Until GCC 7, all function locations are represented by a pair of
DW_AT_low_pc and DW_AT_high_pc in DWARF information.
But since GCC 8, some functions are split to multiple chunks, which are
represented by DW_AT_ranges.
DW_AT_ranges are represented as offsets from a base address.
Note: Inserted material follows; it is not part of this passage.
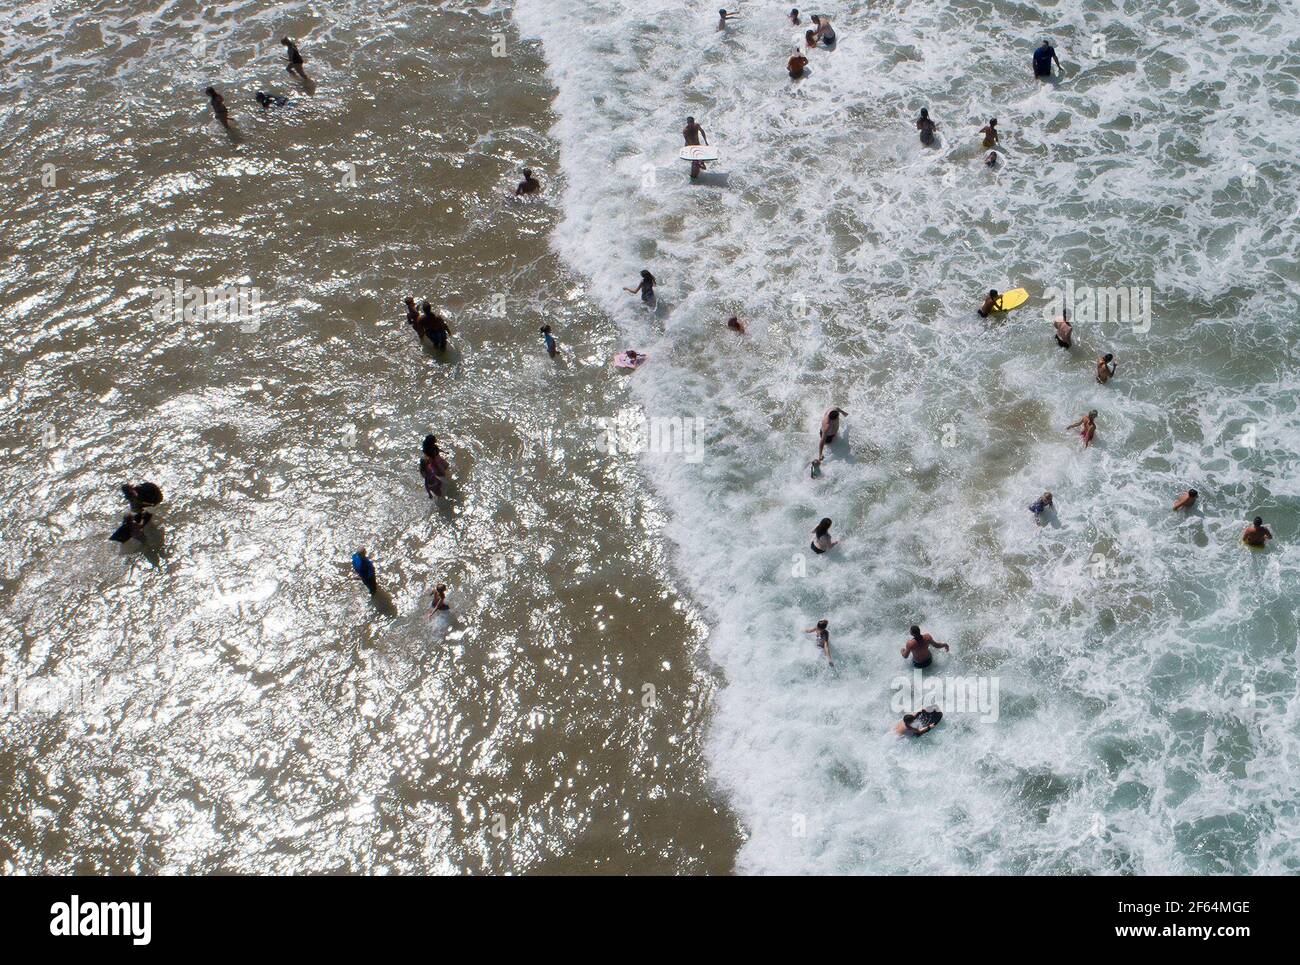 (210330) -- JOHANNESBURG, March 30, 2021 (Xinhua) -- People have fun at a beach in Durban, South Africa, March 29, 2021. (Xinhua) Stock Photo
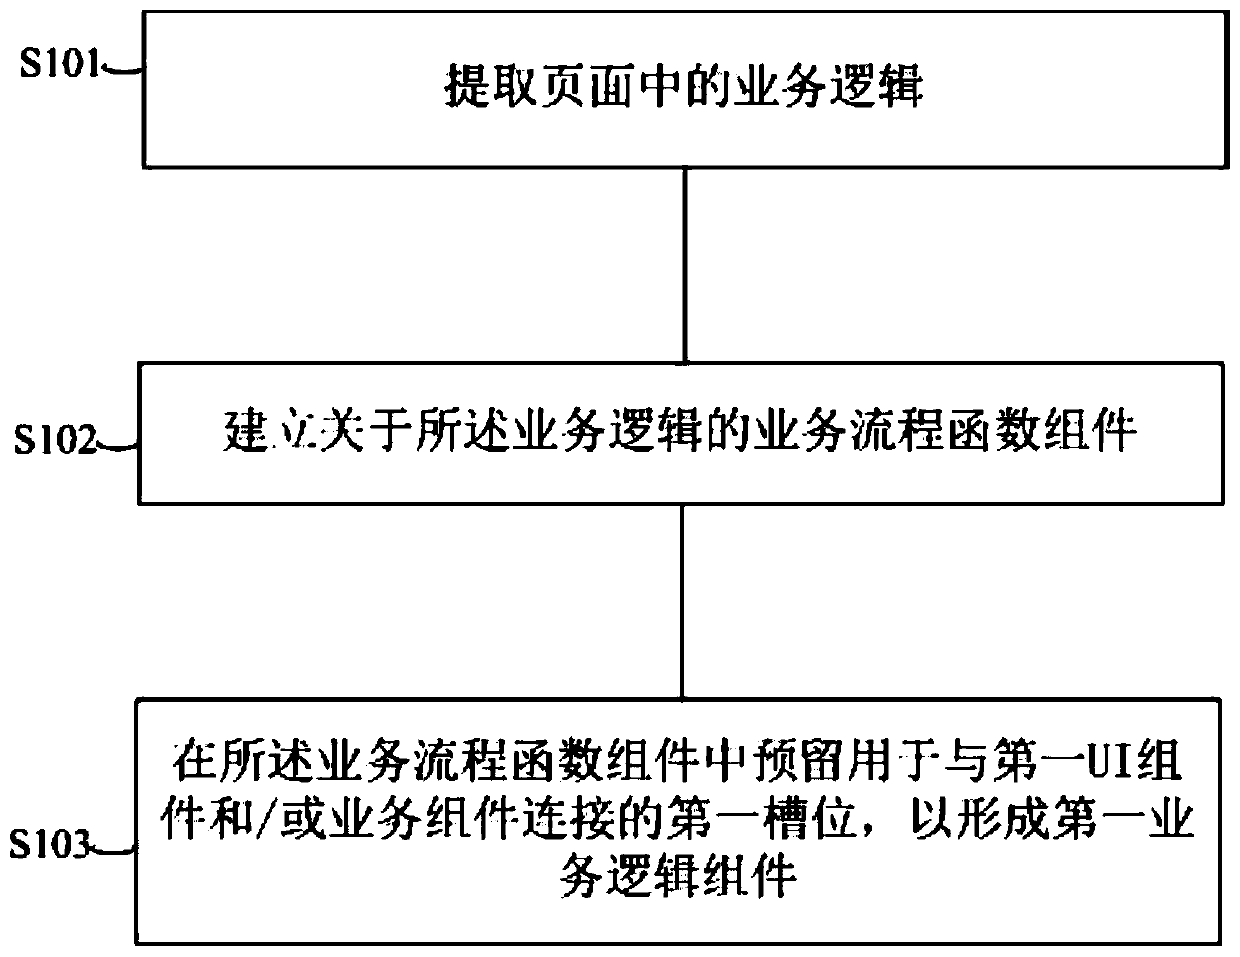 Method and system for establishing service logic component and service component and generating page

According to DWARF specification, it is the base address of the
compilation unit, but GCC seems to use zero as default.
The function "di_read_cu" in addr2line.c had a comment about the fact.
However, the base address wasn't initialized as zero.